Philippe Petit, l’homme qui marche sur les nuages…
Presque cinquante ans après l’exploit funanbuliste de Philippe Petit entre les Twin-Towers (écroulées en septembre 2001), il m’a pris l’envie de revenir sur l’exploit lui-même mais aussi sur le film “The Walk” qu’en a réalisé le multi-oscarisé Robert Zemeckis (À la poursuite du diamant vert, Retour vers le futur, Forrest Gump…) qui était consacré au funambule. “The Walk : Rêver plus haut”, s’ancrait aussi dans ce mythique 7 août 1974. “Au début de ce projet, il y a presque 20 d’ici et environ 30 ans après mon acte de bravoure, je devais être l’acteur de The Walk”, me raconte Philippe Petit. : “Mais les producteurs ont décidé d’engager Joseph Gordon-Levitt (Inception, Looper) pour m’incarner.”
Craignant que le film ne lui échappe, Petit, perfectionniste tendance compulsive, a convaincu Zemeckis de former “le jeune” Gordon- Levitt à son art, même si un cascadeur était chargé de toutes les scènes sur le fil : “Je l’ai fait venir chez moi et je l’ai entraîné huit heures par jour pendant plus d’une semaine. À la fin, il était meilleur que le cascadeur”… Vivant aux États-Unis depuis 1974, Philippe Petit cite pourtant en modèles Les Compagnons du Devoir, l’institution française du compagnonnage, et leur légendaire Tour de France : “Apprendre non pas avec un maître mais plusieurs, en allant de ville en ville, pour réaliser son propre chef-d’œuvre”… Ce dialogue, dans le silence des forêts des Catskills, entre le maître Petit et l’élève Gordon-Levitt aurait pu d’ailleurs faire l’objet d’un autre film !“Je lui ai appris la technique et la poésie de mon fil”, m’a expliqué ce pédagogue né, reprenant la définition du verbe “apprivoiser” du Petit Prince de Saint-Exupéry pour caractériser son propre enseignement : “Créer des liens.”

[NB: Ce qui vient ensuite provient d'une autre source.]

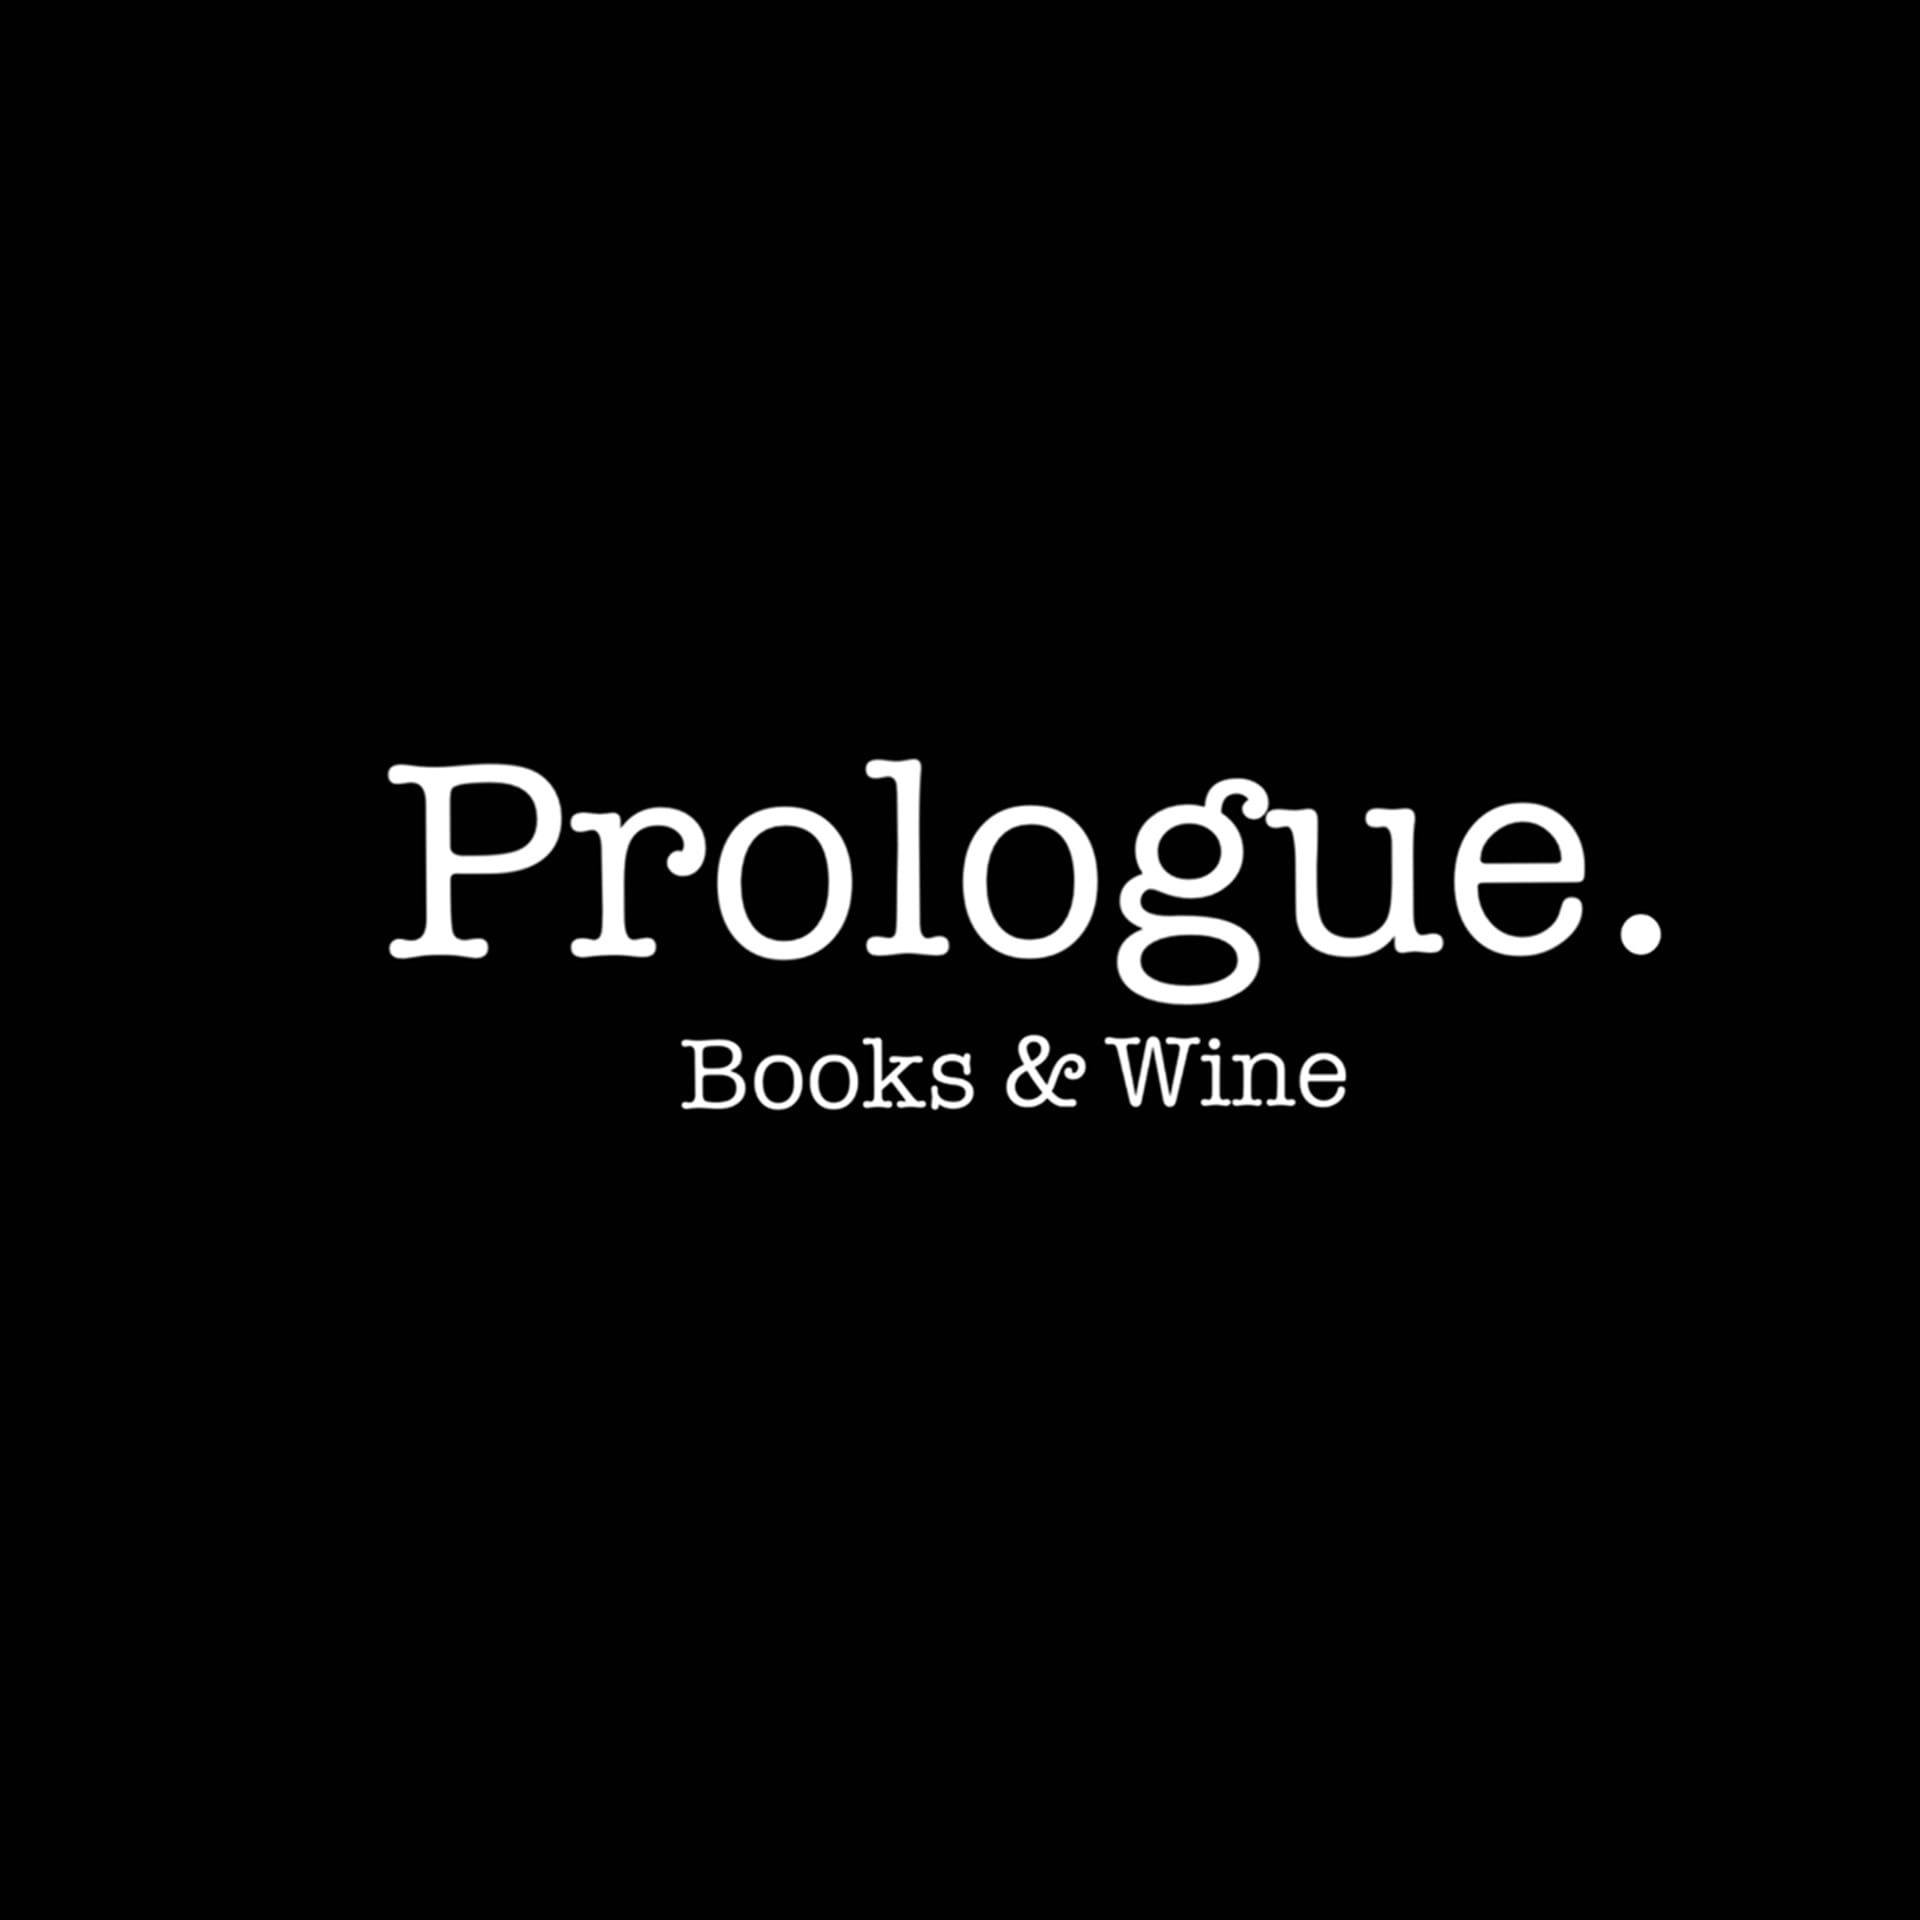 Prologue Books & Wine Charles City

Le 7 août 1974, un an seulement après son inauguration, le World Trade Center était le théâtre d’un exploit absolument inouï, qui serait qualifié par son auteur génial de “crime artistique du siècle” : Philippe Petit, un jeune funambule alors inconnu, allait franchir la distance séparant les tours jumelles en se tenant en équilibre sur un câble, à plus de 400 mètres de hauteur dans le ciel de Manhattan. Comme il n’avait averti personne ni demandé aucune permission, qu’il agissait donc en toute illégalité, son apparition à une telle hauteur, sans filet de protection ni aucune mesure de sécurité, si loin dans le ciel qu’on ne pouvait pas même distinguer le fil sur lequel il marchait, permettait de croire à un miracle ! On aurait dit qu’il volait… Il fallait voir avec quelle grâce cet acrobate allait et venait d’une extrémité à l’autre du fil, avec quelle liberté souveraine il regardait tout en bas vers son public, pour jouir pendant quelques instants de son triomphe, alors que des complices le photographiaient. Couché sur le fil au-dessus de l’abîme, les yeux tournés vers le ciel, alors qu’il semblait avoir vaincu la loi de la gravité, que même la mort ne pouvait rien contre lui, Petit illustrait merveilleusement ce vers du poète Hector de Saint-Denys-Garneau : “C’est là sans appui que je me repose”.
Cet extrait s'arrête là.